Oyegbola on Wednesday confirmed information published on the Groklaw blog saying that in August his company had asked OLPC for US$20 million. That figure was based on OLPC information on potential distribution in Nigeria, Oyegbola said. Nigeria, in July 2006, placed an order for 1 million of the laptops, but the Nigerian government is now reviewing that decision.

Lancor’s Konyin Multilingual Keyboards sell for $19.95, meaning 1 million of them would be worth approximately $20 million. Lancor in December obtained a temporary injunction against OLPC distributing its laptop in the country. Lancor, in its lawsuit, accuses OLPC of illegal reverse engineering its multilingual keyboard.
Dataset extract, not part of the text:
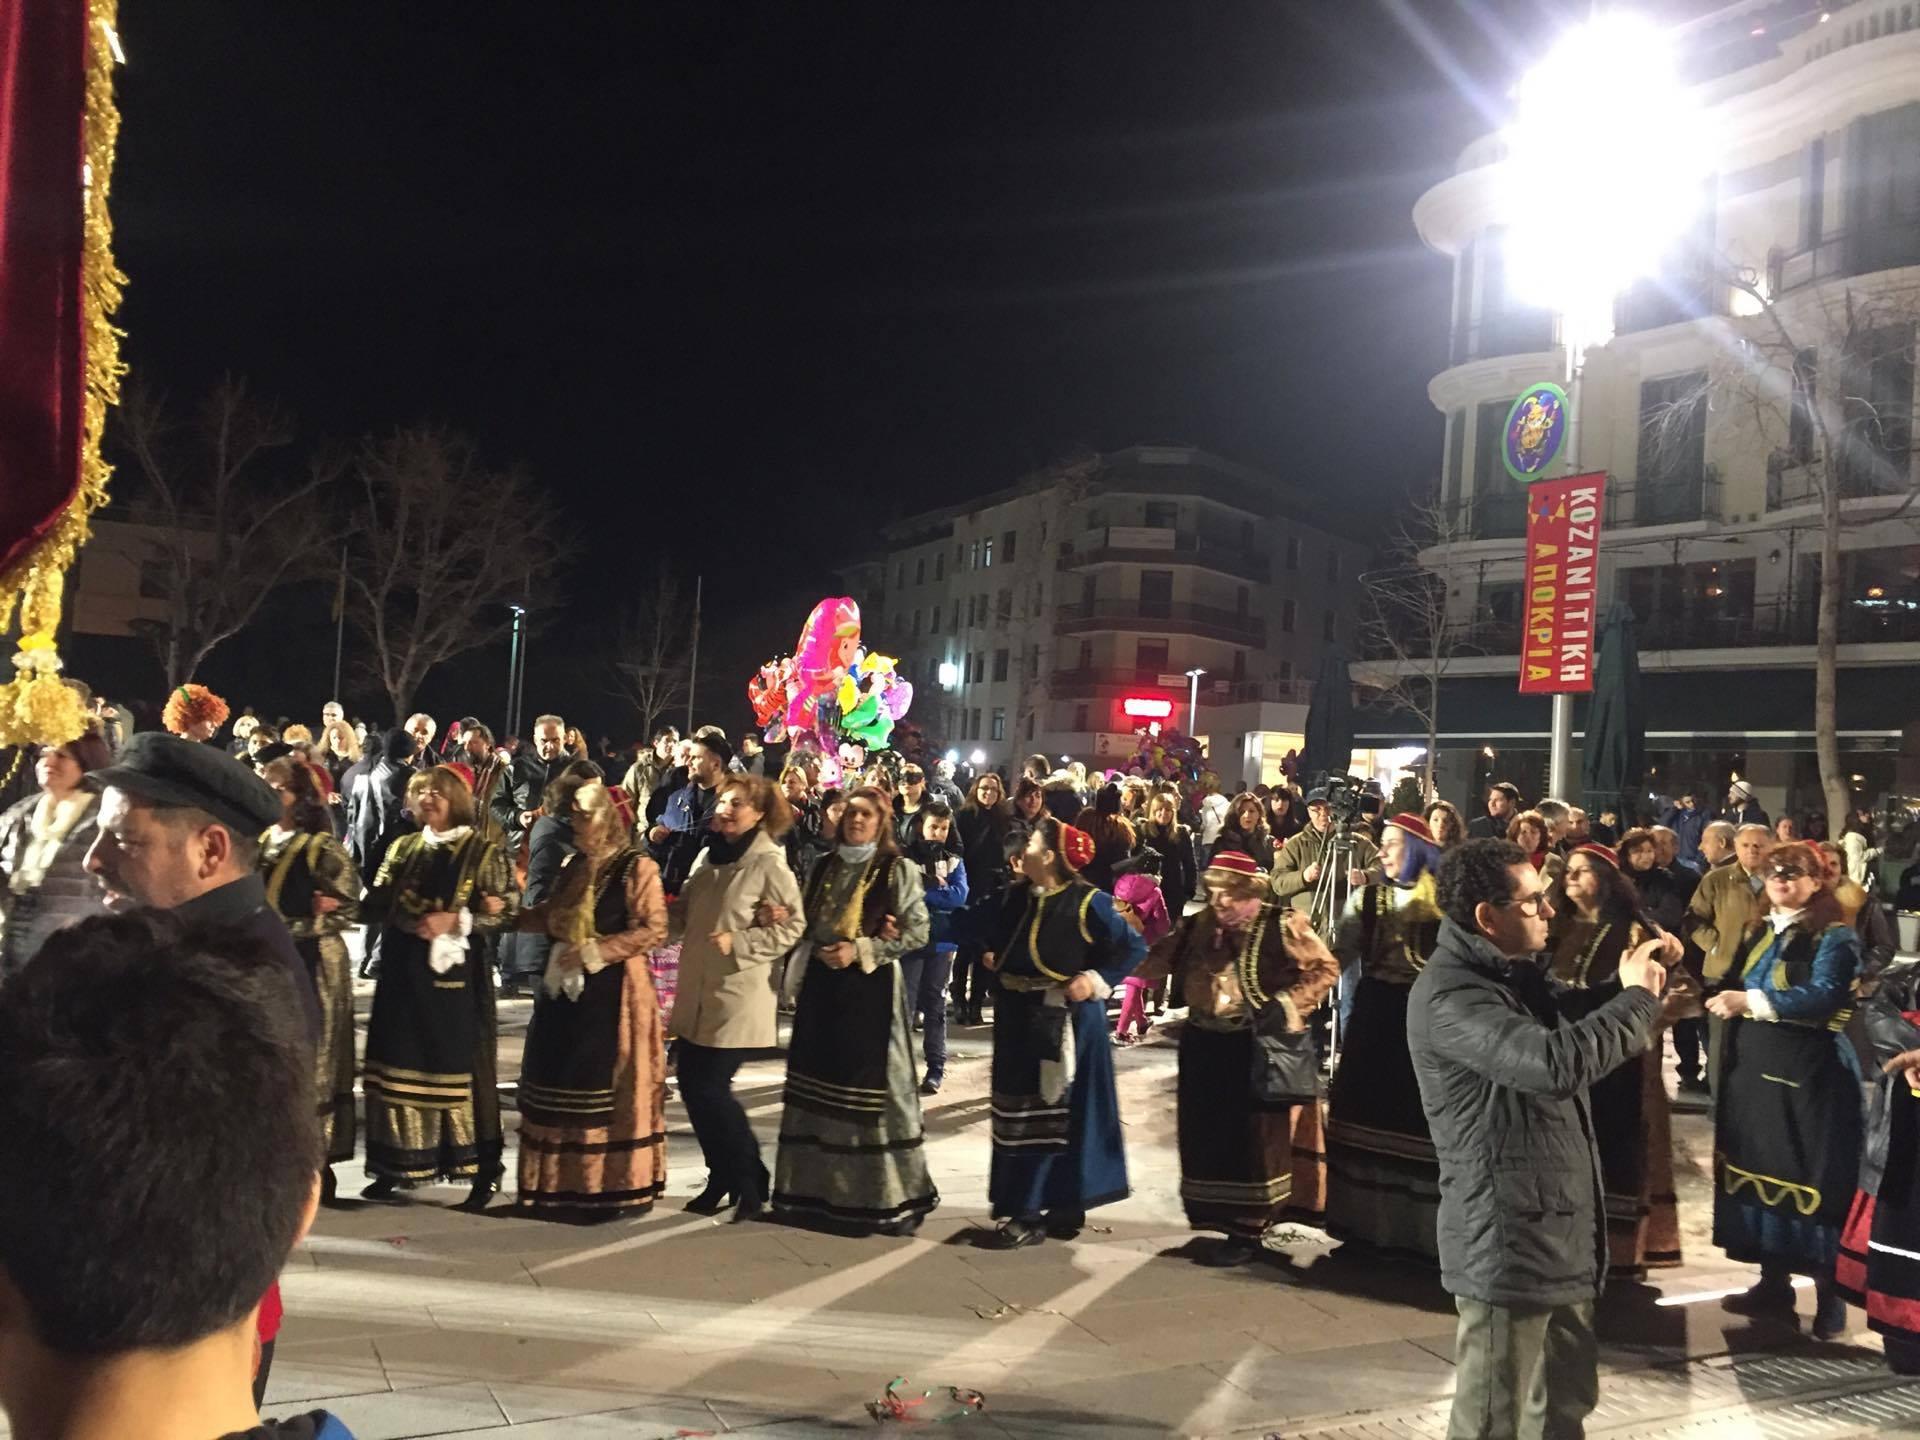 kozan.gr: Η παρουσίαση του Φανού Γιτιά στην κεντρική πλατεία της Κοζάνης (Φωτογραφίες & Βίντεο)

But OLPC had not yet begun selling its laptop at the time of the demand, OLPC’s lawyer wrote in a letter published on Groklaw. “I feel obliged to note that, given the fact that OLPC has sold no multilingual keyboards, and that, according to Lancor’s Web site, its multilingual keyboard sells for US$19.95, your demand for US$20 million is not well founded,” lawyer Bruce Parker of the Foley Hoag law firm wrote.

Groklaw’s Pamela Jones, a frequent critic of patent lawsuits against open-source projects, called the lawsuit “ridiculous.”

“In short, they apparently jumped the gun, sending the dunning letter before OLPC had even shipped anything, not to mention that OLPC is a charity, not a business, and asking for money in a sum that doesn’t match reality,” she wrote.

A OLPC spokeswoman didn’t immediately respond to a request for a comment.